Перейти на страницу:
Изменить размер шрифта:

57

На внешнеполитическом поле мюнхенская политика не оставила Сталину иного выбора, как попытаться вбить клин между западными демократиями и Гитлером. Этой задаче служила серия демаршей, осуждавших Великобританию и Францию и, напротив, приглашавших Германию к улучшению двусторонних отношений. Наиболее весомо такие заявления прозвучали в докладе Сталина на XVIII партийном съезде в марте 1939 г. В выступлении, названном на Западе «речью о жареных каштанах», Сталин предупредил британцев и французов, что не собирается таскать для них каштаны из огня, что считает их провокаторами, стремящимися столкнуть СССР с Германией. Немцам же Сталин заявил, что западным странам не удалось «поднять ярость Советского Союза против Германии, отравить атмосферу и спровоцировать конфликт с Германией без видимых на то оснований»[443]. Буквально через несколько дней хрупкое перемирие в Европе было взорвано. Гитлер, уверенный в своей безнаказанности, захватил всю Чехословакию. Даже оптимистам становилось ясно, что Мюнхен вел к мировой войне. Акции Сталина как третьей силы поползли вверх. Он получил возможность выбирать.

Весна и лето 1939 г. прошли в бесконечных дипломатических маневрах и переговорах. Разобраться в их сути и реальных намерениях сторон было непросто самим участникам событий, не говоря уже о современных историках. Никто не доверял никому, каждый старался перехитрить партнера. Переговоры СССР с Великобританией и Францией не стали исключением. Они шли трудно и плохо, несмотря на усилия советского наркома иностранных дел М. Литвинова[444], связавшего свою политическую репутацию с курсом на сплочение антигитлеровских сил с участием СССР. В начале мая 1939 г. Сталин сделал решительный шаг, отправив Литвинова в отставку. Наркомом иностранных дел по совместительству был назначен председатель правительства Молотов. Это был, несомненно, дружественный жест в сторону Германии. Кроме того, с приходом Молотова изменился механизм принятия внешнеполитических решений в СССР. Сталин сумел полностью сосредоточить внешнюю политику в своих руках, не только по существу, как было и ранее, но также технически. Молотов как постоянный собеседник или слушатель был более удобен для Сталина, чем Литвинов, довольно редко посещавший сталинский кабинет. Этот организационно-политический аспект сыграл важную роль. Сталин приспосабливал систему высшей власти к своим привычкам и ритму жизни. Замена Литвинова Молотовым была частным случаем такого приспособления.

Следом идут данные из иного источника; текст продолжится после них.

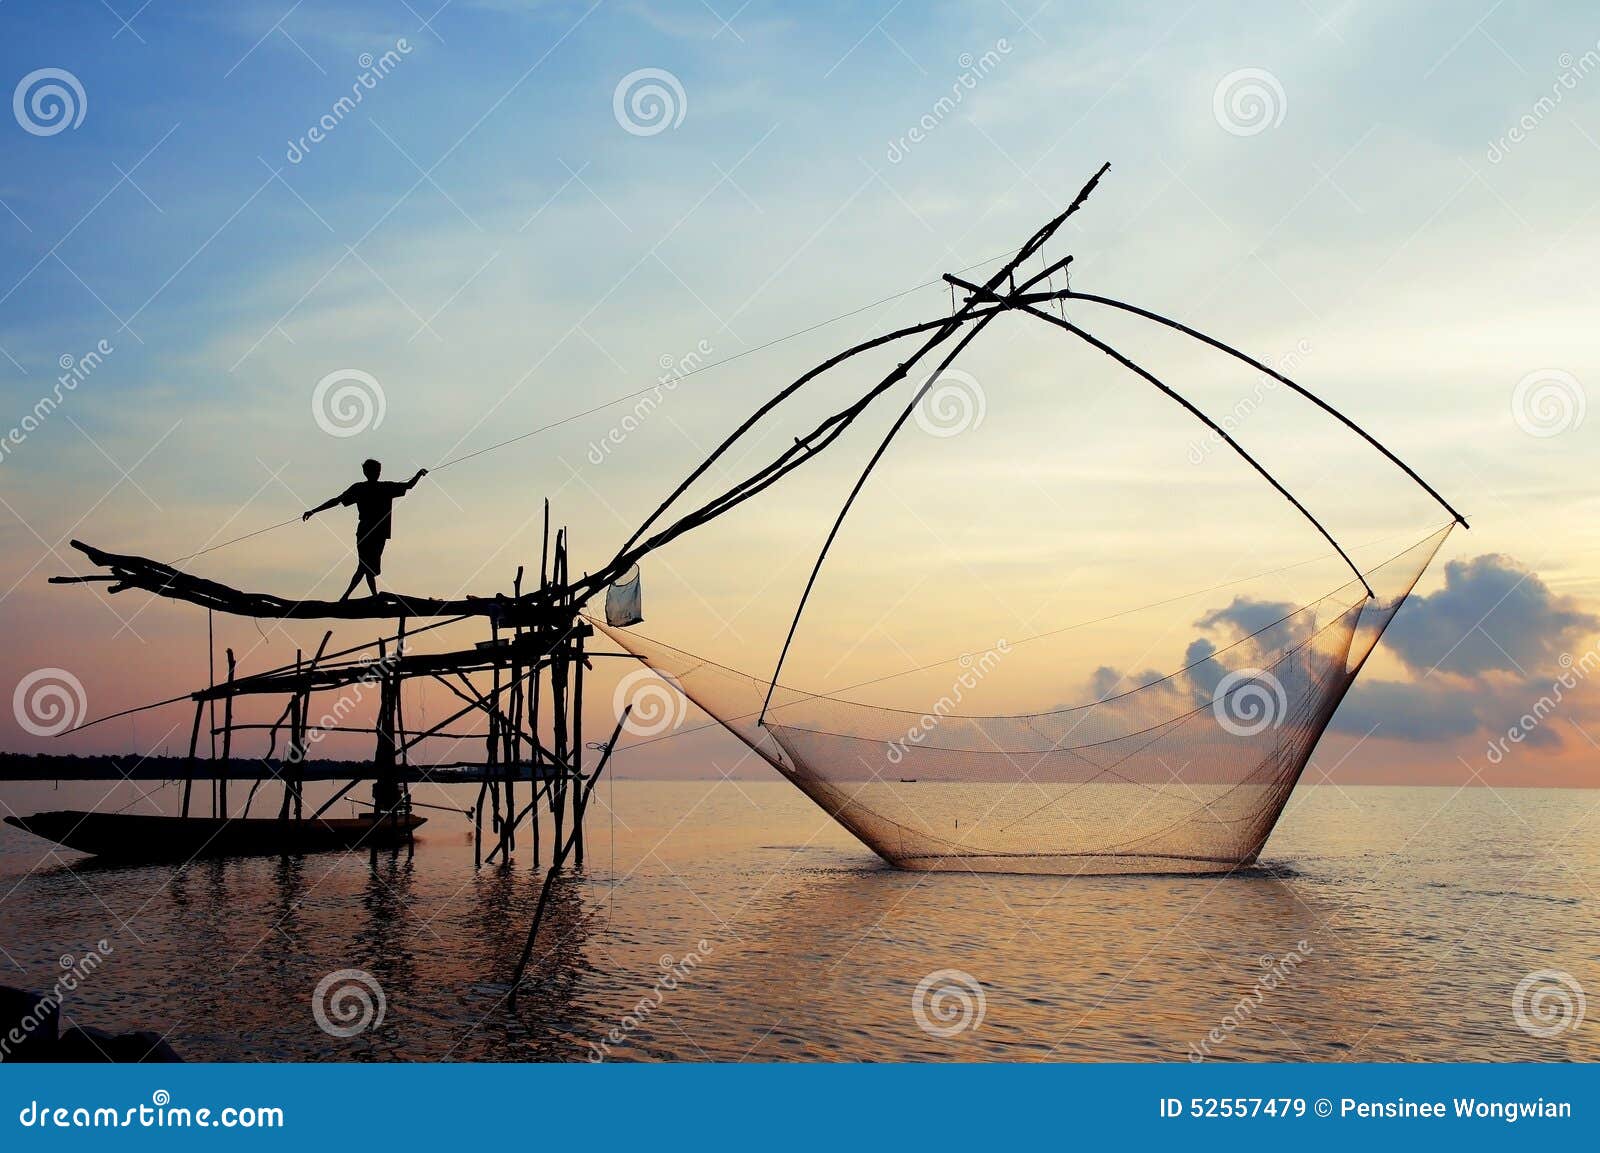 https://thumbs.dreamstime.com/z/fish-lift-net-phatthalung-water-scape-scene-square-dip-patthalung-thailand-traditional-fishing-52557479.jpg

Чего больше хотел Сталин – нажать на западных партнеров или протянуть руку нацистам? Существует соблазн полагать, что Сталин задолго до рокового 1939 г. принял твердую линию на сближение с Гитлером. На поверхности лежат такие аргументы, как родство тоталитарных режимов и недоверие к переменчивым и отступавшим перед грубой силой западным демократиям. Однако на самом деле общие соображения – шаткий фундамент. Мы располагаем фактами, которые говорят и за, и против такой точки зрения. По свидетельству Микояна, Сталин одобрительно высказывался о чистках 1934 г., проведенных Гитлером[445]. Известны зондажи на предмет установления контактов с Гитлером, предпринятые по инициативе Сталина[446]. Наконец, дело увенчалось впечатляющей демонстрацией советско-германской «дружбы» осенью 1939 г. Однако противоположных примеров тоже немало – заметная антинацистская пропаганда в СССР, массовые репрессии против советских немцев, проводимые несмотря на резкую реакцию нацистского правительства. Сигналы к сближению чередовались у Сталина с явным раздражением против Гитлера. В сентябре 1938 г. на записке НКВД о ликвидации кладбища времен Первой мировой войны немецких солдат и офицеров в Ленинградской области Сталин поставил не просто свою обычную резолюцию «за», но разразился эмоциональным замечанием: «Правильно (снести и засыпать)»[447]. По утверждению германского переводчика на переговорах И. Риббентропа в Москве, Сталин отверг проект оптимистического коммюнике для печати со словами: «Не думаете ли вы, что мы должны несколько больше считаться с общественным мнением в обеих наших странах? В течение многих лет мы ушатами лили помои друг на друга […]»[448]. Это свидетельство выглядит вполне правдоподобно. У Сталина были все основания делать такие заявления.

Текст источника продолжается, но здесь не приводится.